Yeimo is being treated at a Jayapura hospital after a court ordered that he be given medical attention. Papuan activist Rosa Javiera said on Tuesday that Yeimo was suffering from chronic tuberculosis that required continuous medical treatment. "If he has to go back to the correctional institution, then we know the conditions are very poor and not good for his health.”
In a press release received by The Jakarta Post on Tuesday, Indonesia’s Permanent Mission to the UN in Geneva claimed Lawlor’s statement was a “mischaracterization” of Yeimo’s case. “The fact that the Indonesian government carried out the court's order to take Yeimo to receive treatment at a hospital on Aug. 30 attests to the government’s seriousness in ensuring the health and well-being of Yeimo,” the mission said.
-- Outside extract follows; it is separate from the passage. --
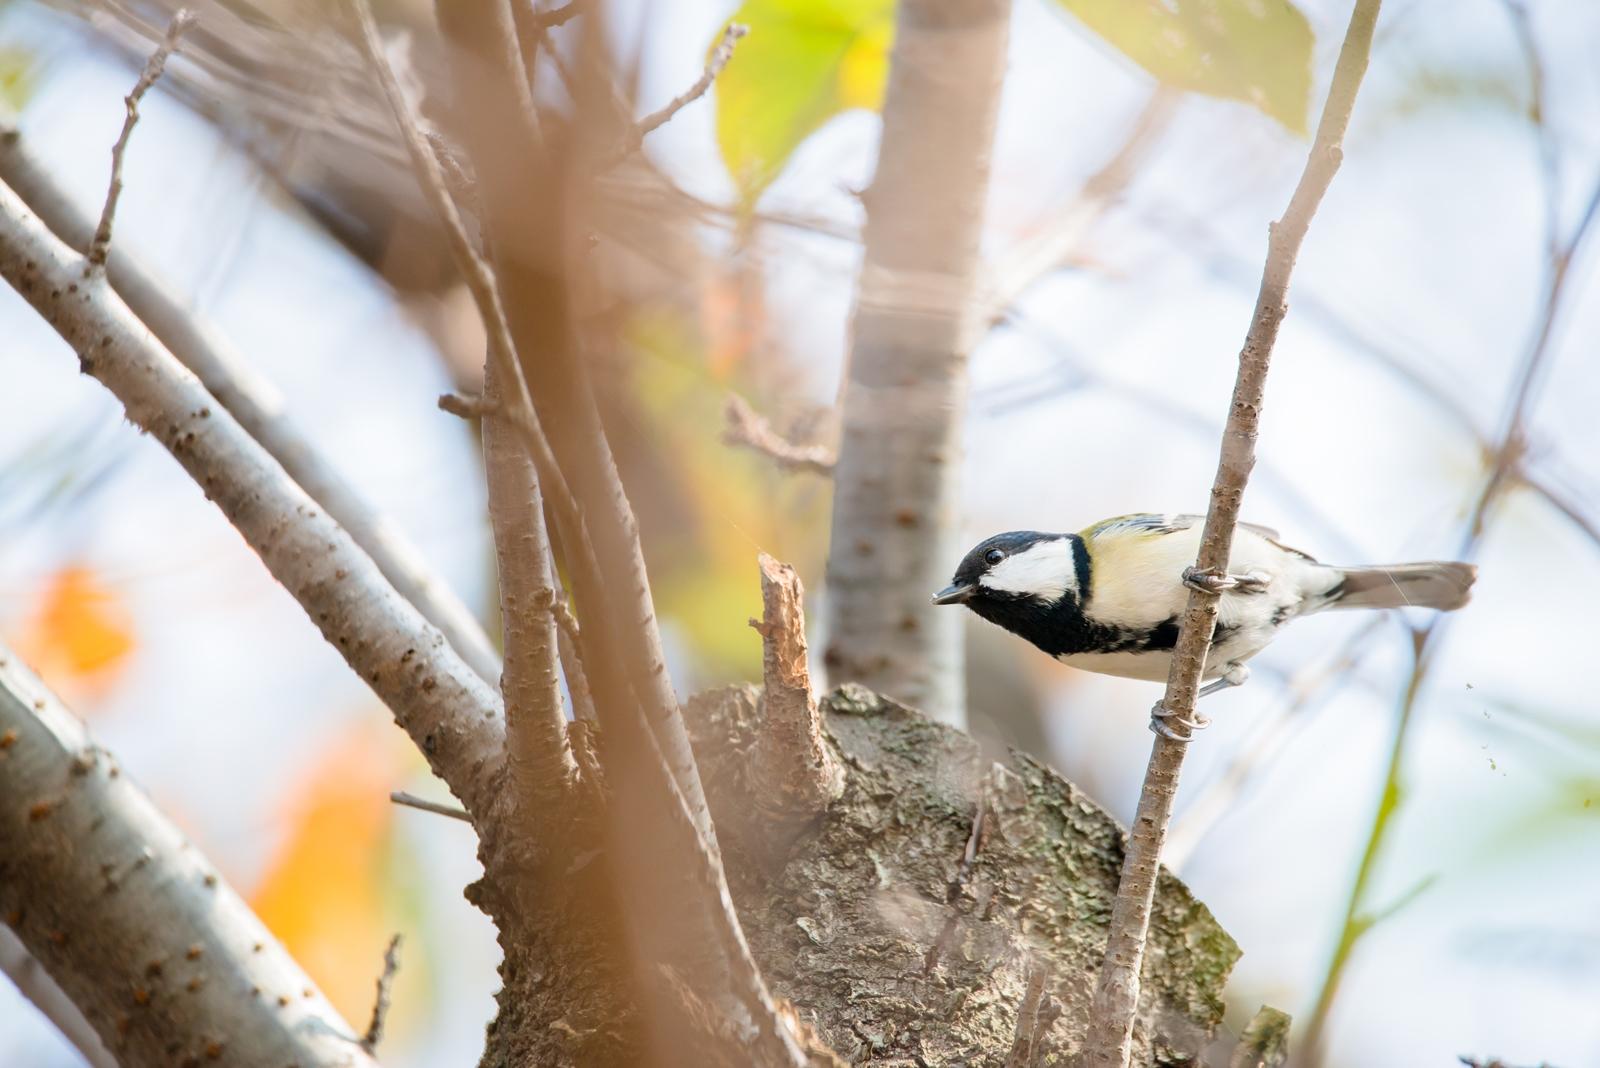 Photo: 秋を駆け抜ける Runs through the autumn.  徐々に視界が広がる 先を見通し 駆け抜ける 次の枝へ次の枝へと  Japanese Tit. (シジュウカラ)  #birdphotography #birds #cooljapan #kawaii #nikon #sigma  Nikon D800E SIGMA 150-600mm F5-6.3 DG OS HSM Contemporary  大塩貴文 写真展『まなざし』 2015年11月20日[金]-29日[日] < http://islandgallery.jp/12134 >

It said the Constitution guaranteed the protection of human rights and equality for all, including human rights defenders but asserted, “Mere self-identification as a human rights defender does not, and should never, render a person immu
ne from prosecution when he or she is accused of being in violation of the law.”
The mission added that the government was committed to engaging in constructive discussion and accused Lawlor of taking a “megaphone approach […] just for the sake of personal gain through media exposure”. According to Amnesty International Indonesia, as of July 2021, at least 13 Papuan prisoners of conscience remained behind bars for peacefully expressing political views.
The group also recorded 56 cases of alleged unlawful killings with 93 victims between February 2018 and August of this year and suspected that the incidents were the result of excessive use of force during security operations. Amnesty also found at least 11 violations of the rights to free expression and peaceful assembly from January to August of this year, including the arrests of Papuan university students for staging peaceful rallies.
Amnesty’s Indonesia and Australia offices said Indonesia’s “security approach against pro-independence armed groups, coupled with negative perceptions among security forces that label Papuans who express their political views or human rights concerns as separatists, have resulted in rights violations”.
These tendencies, they said, had done “little to end the pervasive culture of impunity in the region”.
“Without addressing these violations and bringing the perpetrators to justice, there cannot be a meaningful and lasting peace in the region, as the last six decades have shown,”
Amnesty Indonesia executive director Usman Hamid said on Tuesday, in a press release received by the Post.
The group also recorded at least 6,152 people who had been forced to leave their homes from January to June of this year because they feared for their lives amid conflicts between security forces and pro-independence armed groups in Papua.